#### What to produce:
Exclude the pictures, then repeat the remaining data exactly.

#### Given information:
+--
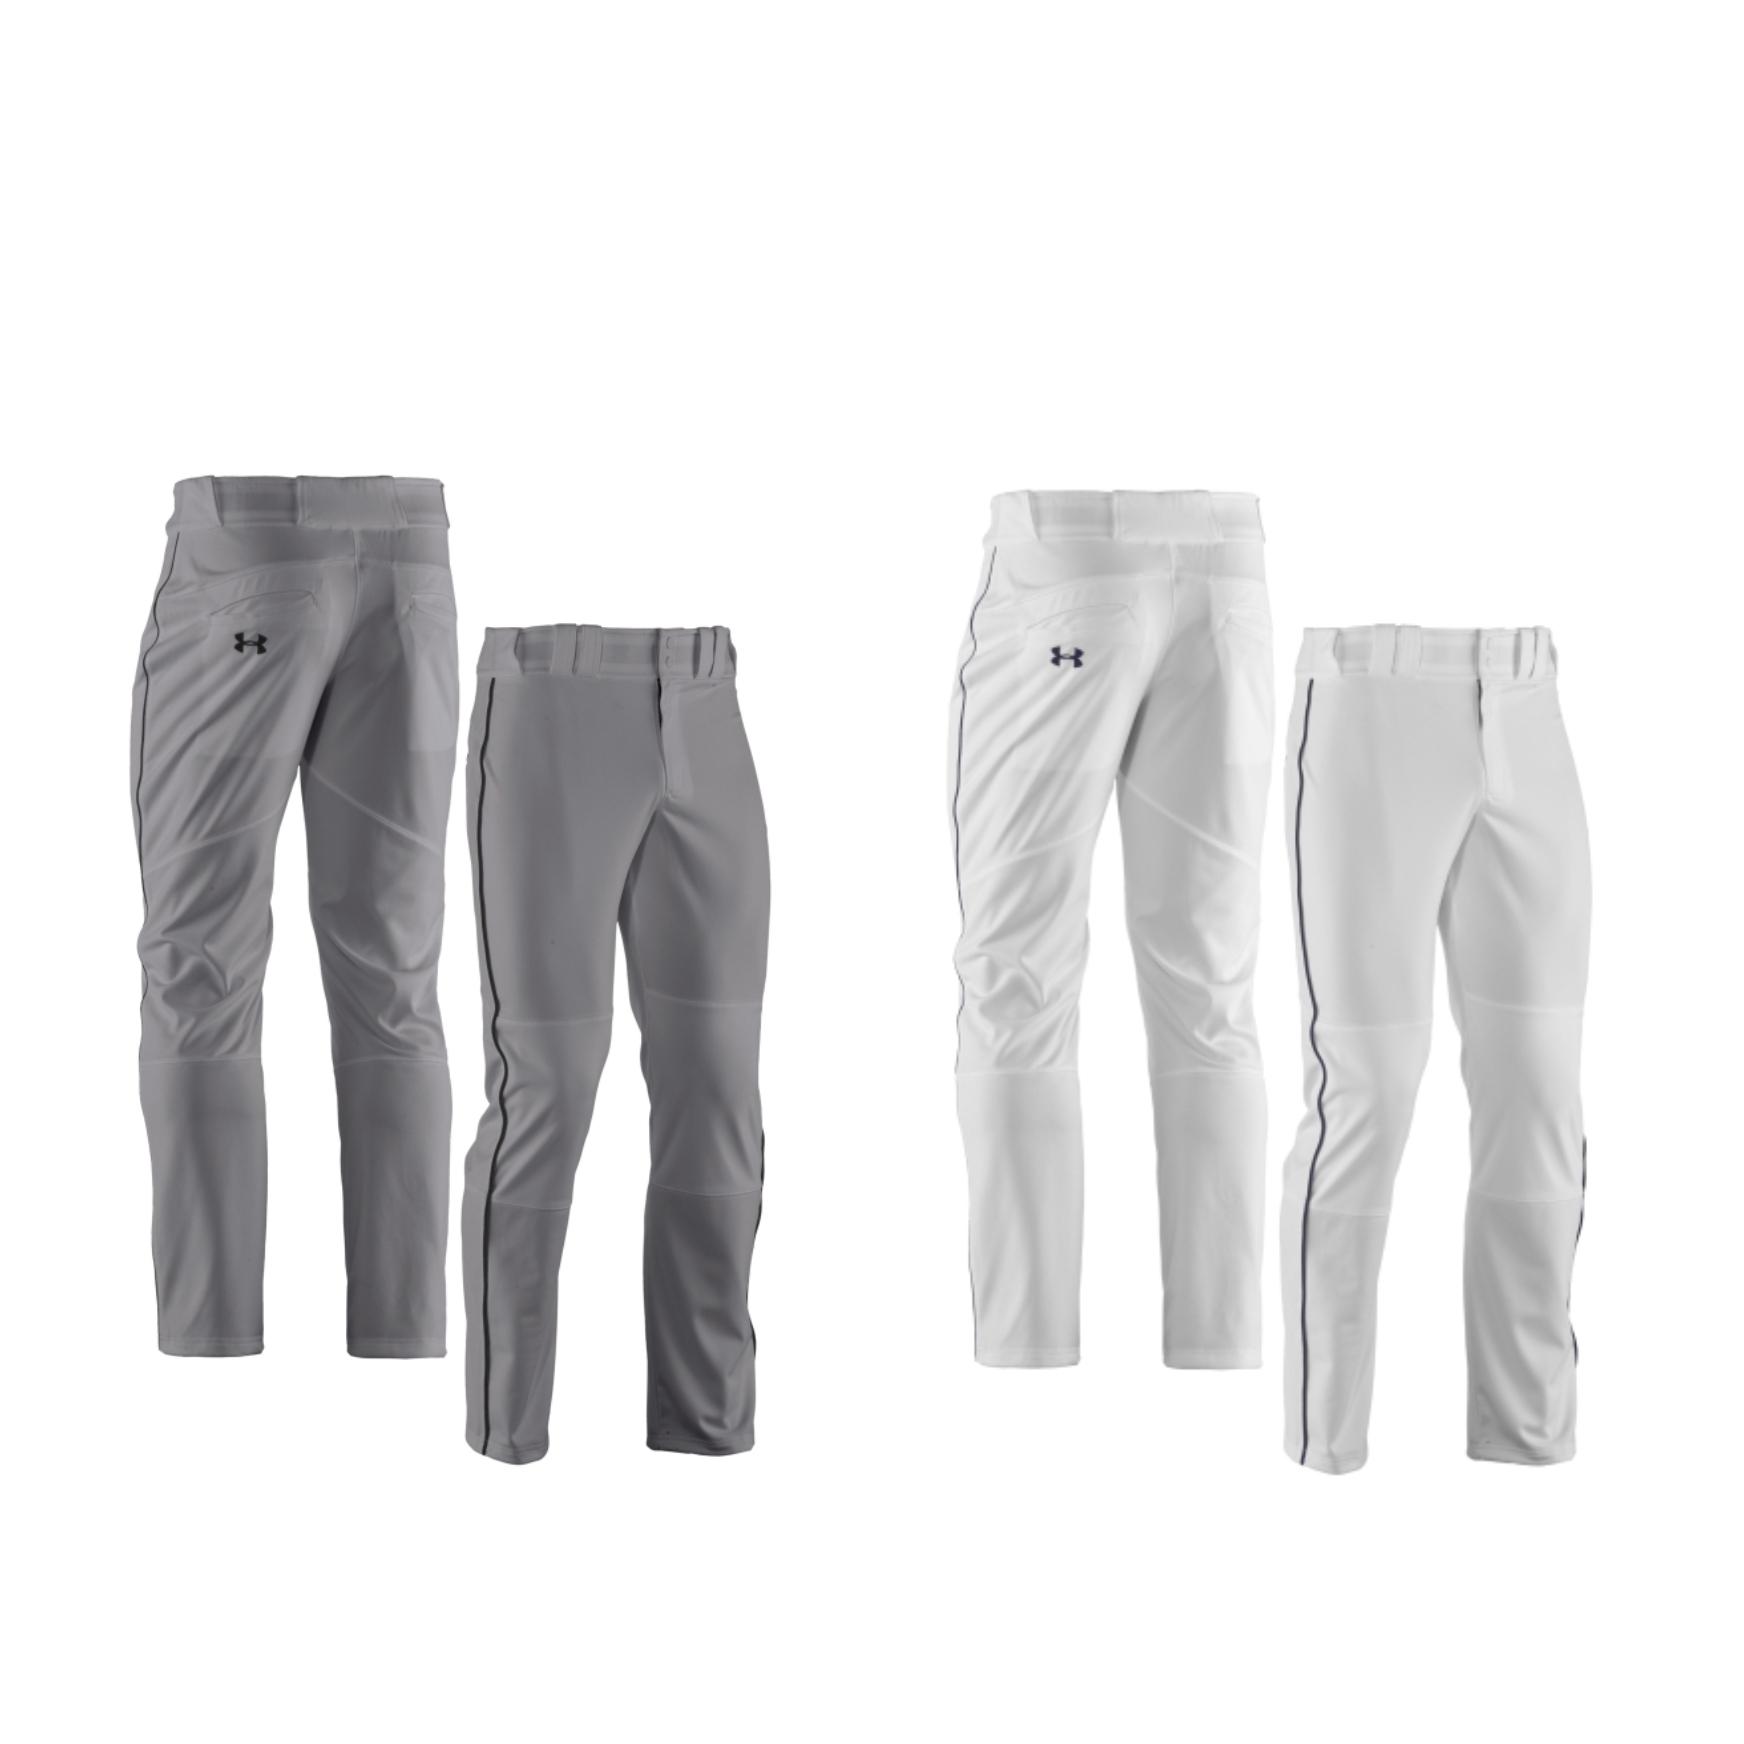 gray under armour baseball pants
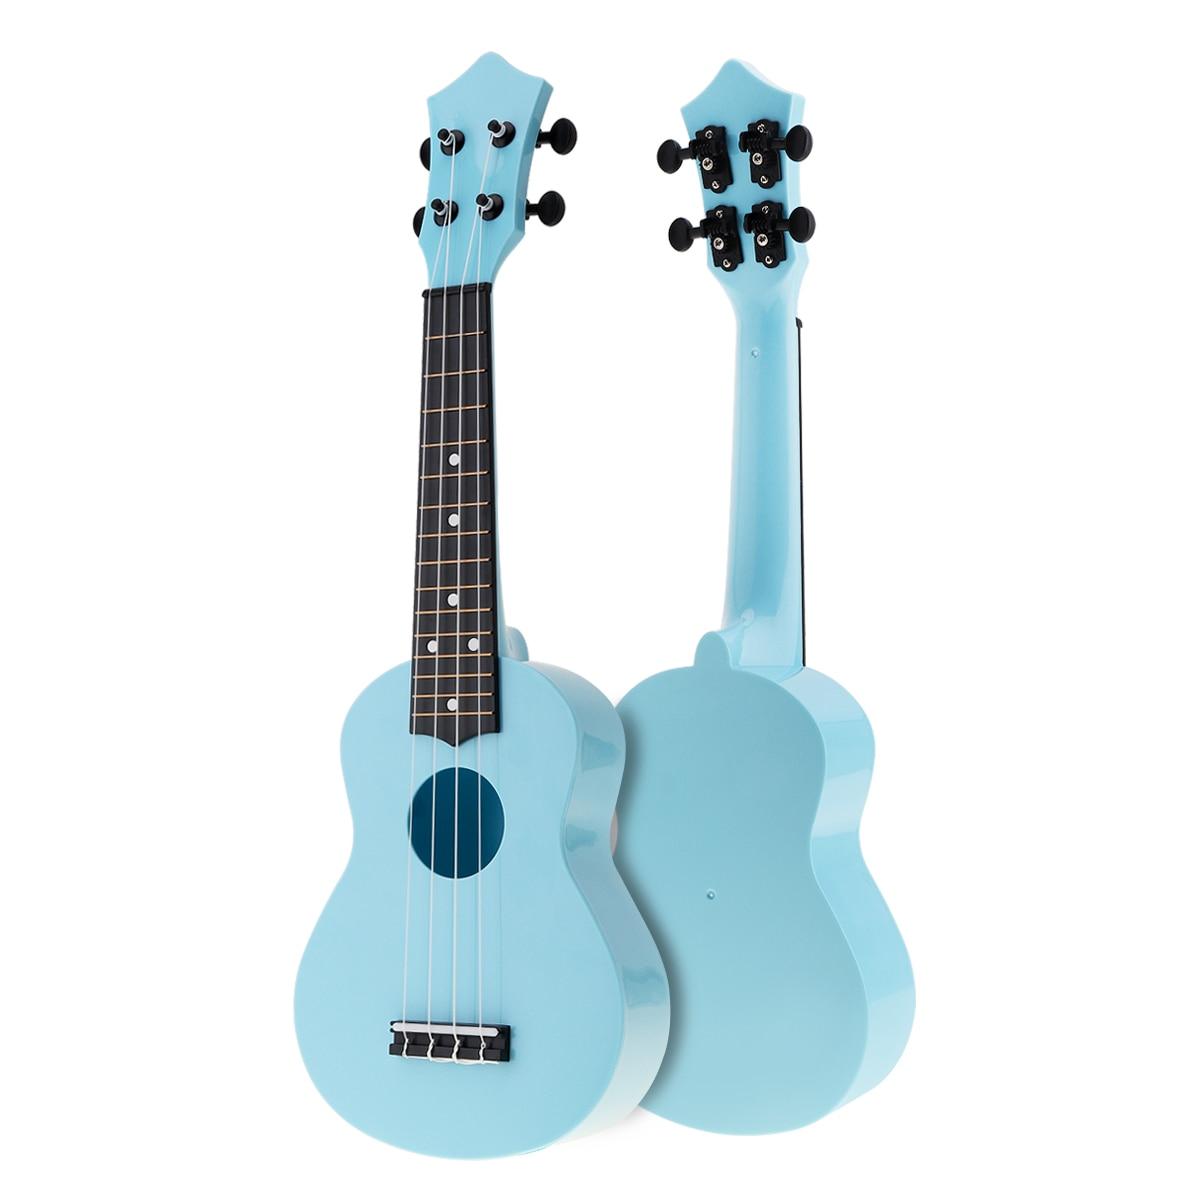 21 Inch Colorful Acoustic Uke Ukulele 4 Strings Hawaii Guitar Guitarra Instrument for Kids and Music Beginner enlarge
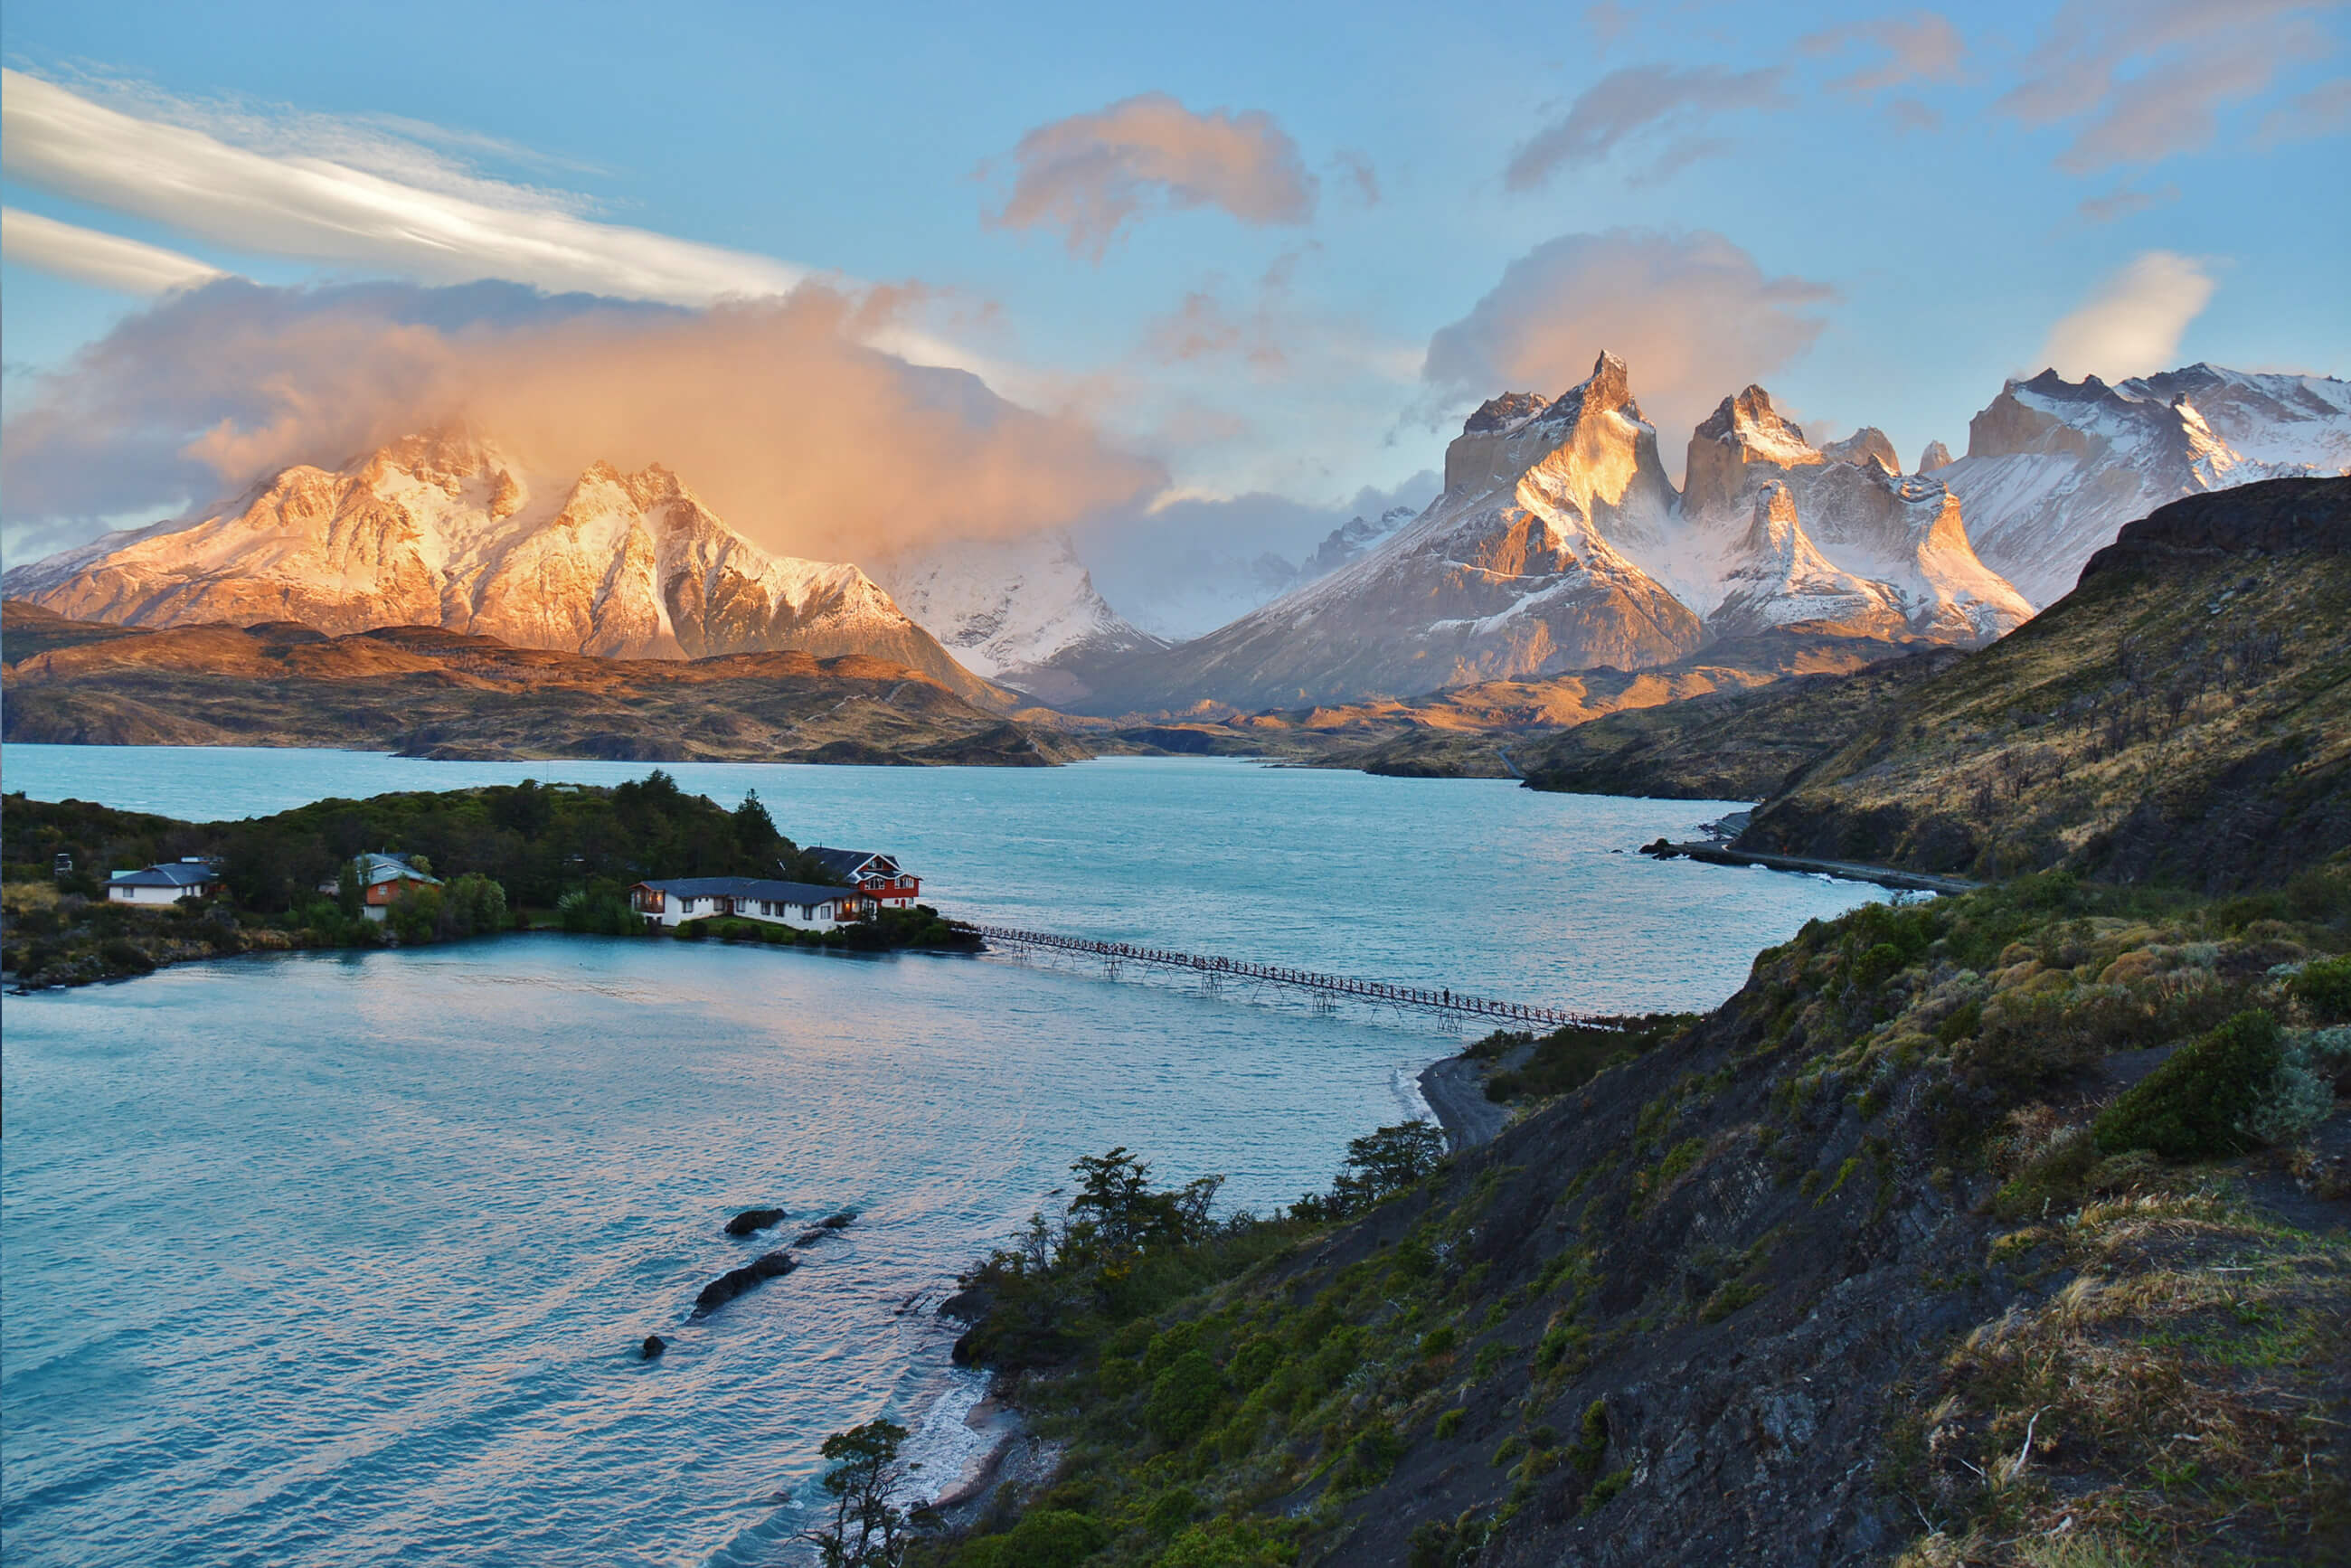 https://bubo.sk/uploads/galleries/5016/patagonia-chile-mirka-sulka-89-.jpg
+--
#### Result below:
 gray under armour baseball pants
 21 Inch Colorful Acoustic Uke Ukulele 4 Strings Hawaii Guitar Guitarra Instrument for Kids and Music Beginner enlarge
 https://bubo.sk/uploads/galleries/5016/patagonia-chile-mirka-sulka-89-.jpg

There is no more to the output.